Ho un figlio di tre anni e recentemente mi sono sposata. Da direttrice di una testata pensata per le donne, scrivo spesso dei nostri diritti e di uno in particolare, che qualcuno definisce assodato, ma che evidentemente non lo è, visto che ancora si chiede alle donne di giustificarsi a riguardo: parlo del diritto di non essere madre o moglie/compagna di. Io sono, per scelta, entrambe le cose. Salvo dovermi giustificare a mia volta, davanti a donne intelligenti ed espressamente femministe, che vedono nel mio essere madre e moglie una concessione inconscia agli stereotipi che sto combattendo. Come se il mio essere mamma e sposata a un uomo erodesse un poco il mio diritto a essere femminista.
E allora non ci sto! Ed è anche per questo che ho dato vita a Voci di Femmine: perché sentivo la necessità di una narrazione dell’essere donna più variegata, ricca, meno “urlata” e soprattutto non racchiusa in proclami accattivanti ma che inevitabilmente limitano, riducono, definiscono, senza dare conto della complessità delle cose.
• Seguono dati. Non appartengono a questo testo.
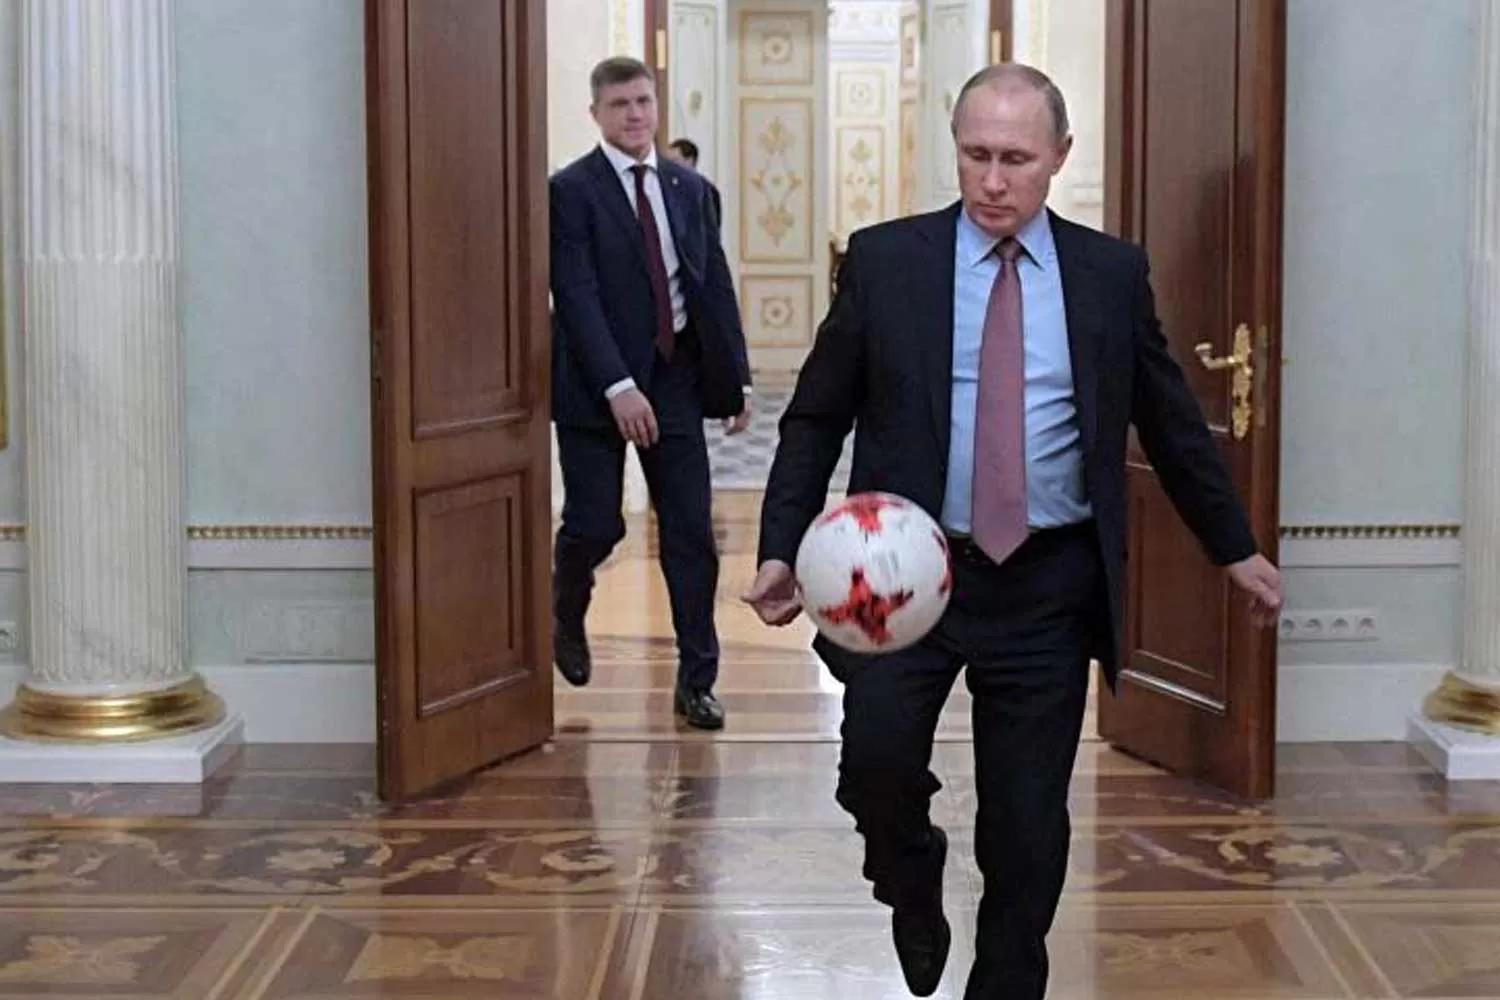 FANÁTICO. El presidente ruso Vladimir Putin hizo jueguitos con la pelota para promocionar el Mundial que arranca el 14 de junio en su país. (EL CIUDADANO)
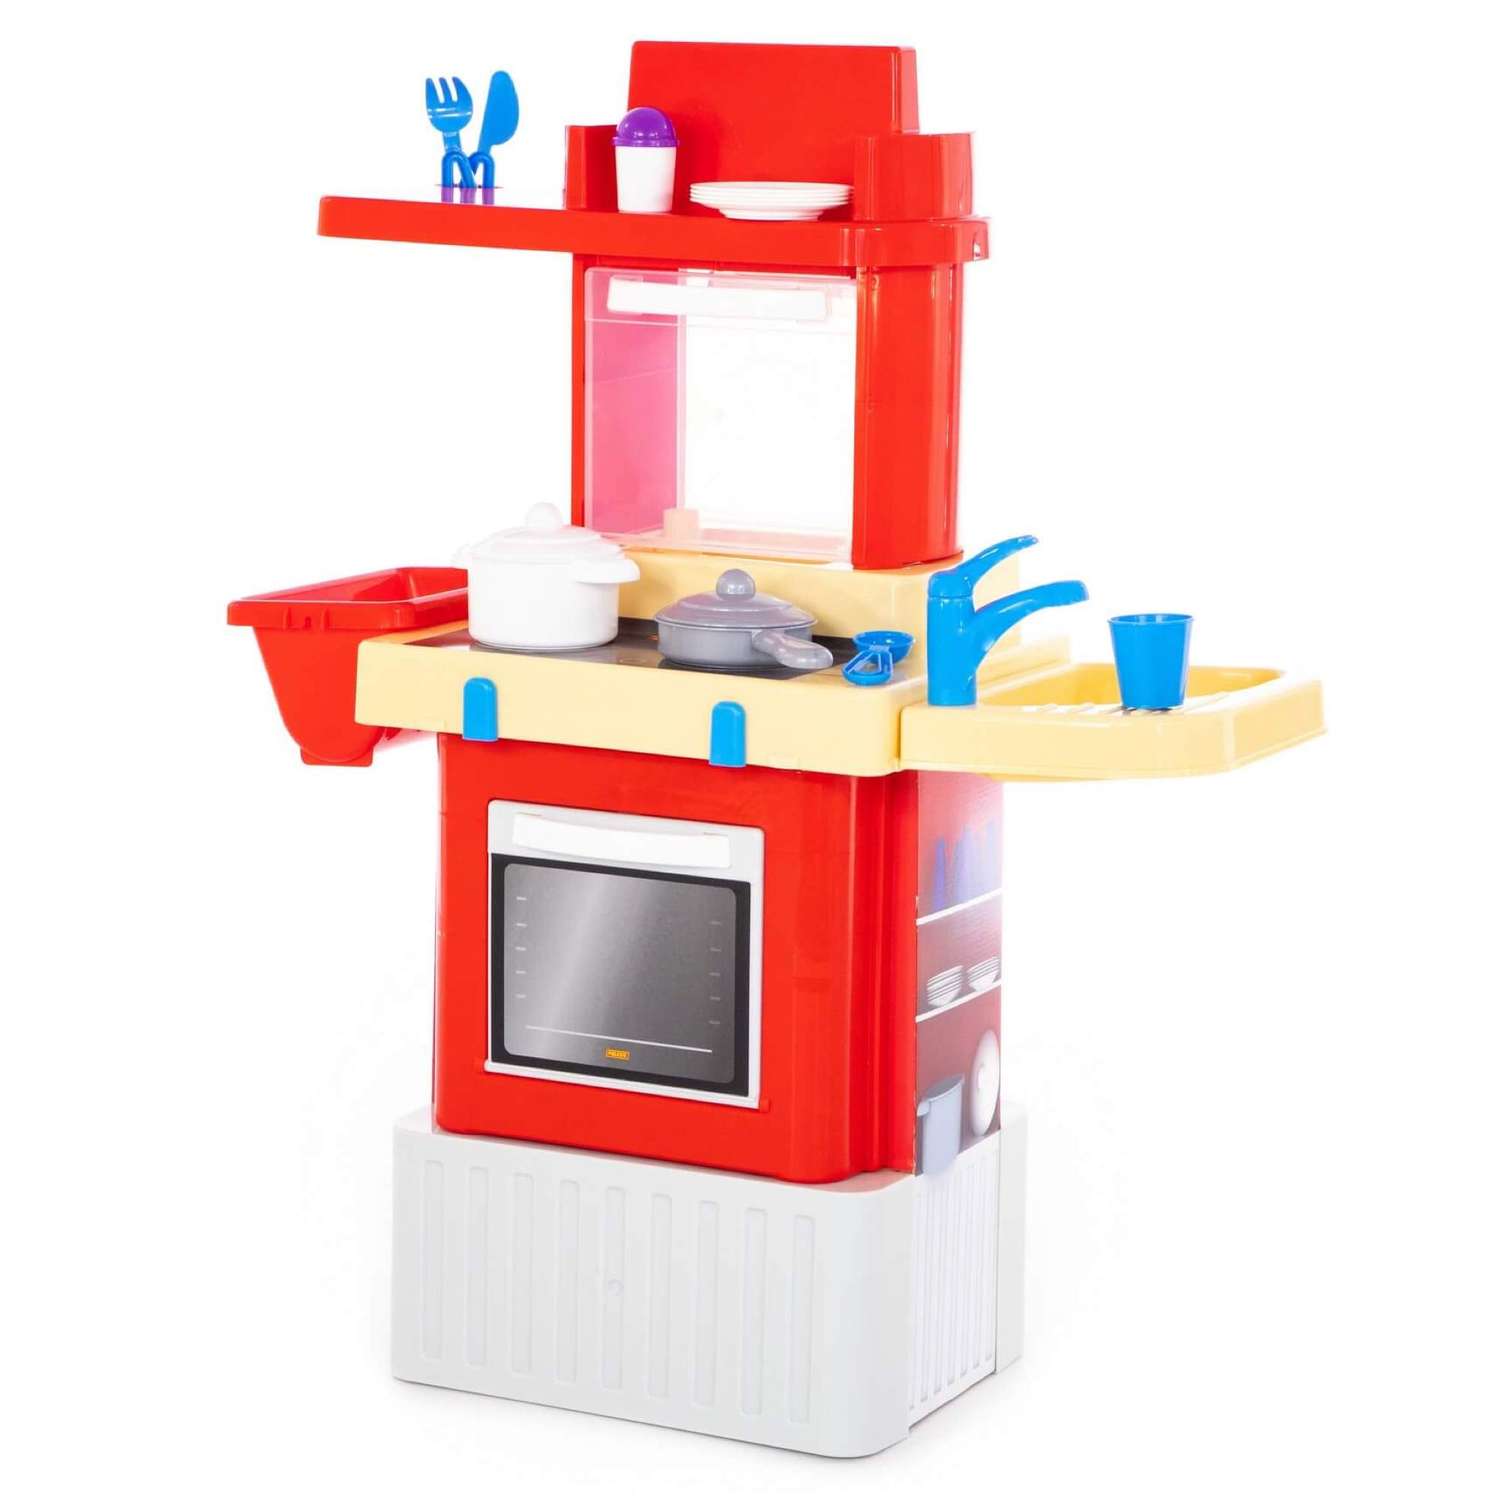 Игровой набор Полесье детская кухня с игрушечной посудой INFINITY basic - фото 1

La diversità è una ricchezza preziosa da tutelare: se suona banale è solo perché è vero. Il mio essere madre o moglie non mi rende automaticamente meno femminista di una donna che sceglie di essere childfree e libera da un qualsiasi legame. Io non sono a prescindere migliore di lei, né lei lo è di me. Il nostro valore in quanto donne si determina sulla base della nostra consapevolezza, della nostra fedeltà a noi stesse e, perché no, anche nel riconoscerci nelle nostre debolezze o nel non vergognarci più dei nostri difetti.
In Voci di Femmine racconto questo tipo di femminismo. Mi interessa poco l’iconografia alla Wonder Woman perché, per quanto appassionata della DC Comics, mi sembra l’eroina “maschilizzata” per eccellenza: creata a immagine e somiglianza dell’uomo, ovviamente sexy, come piace a loro. Una “donna con le palle”, in cui non mi riconosco e non mi interessa riconoscermi.
“Quando dico alle mie amiche che da grande voglio fare la ballerina e diventare mamma mi dicono che sono una femmina all’antica. Ma che colpa ne ho se a me piace ballare e vorrei avere anche un bambino?”, mi ha scritto un’adolescente su Instagram e mi ha fatto una tenerezza infinita. Sulla bio del suo profilo lei si definisce #feminist e io le credo.
Anzi, sto lavorando proprio a un racconto che parla di lei. Perché Voci di Femmine è un progetto che parla di donne, oltre gli stereotipi, quelli vecchi, ma anche quelli nuovi.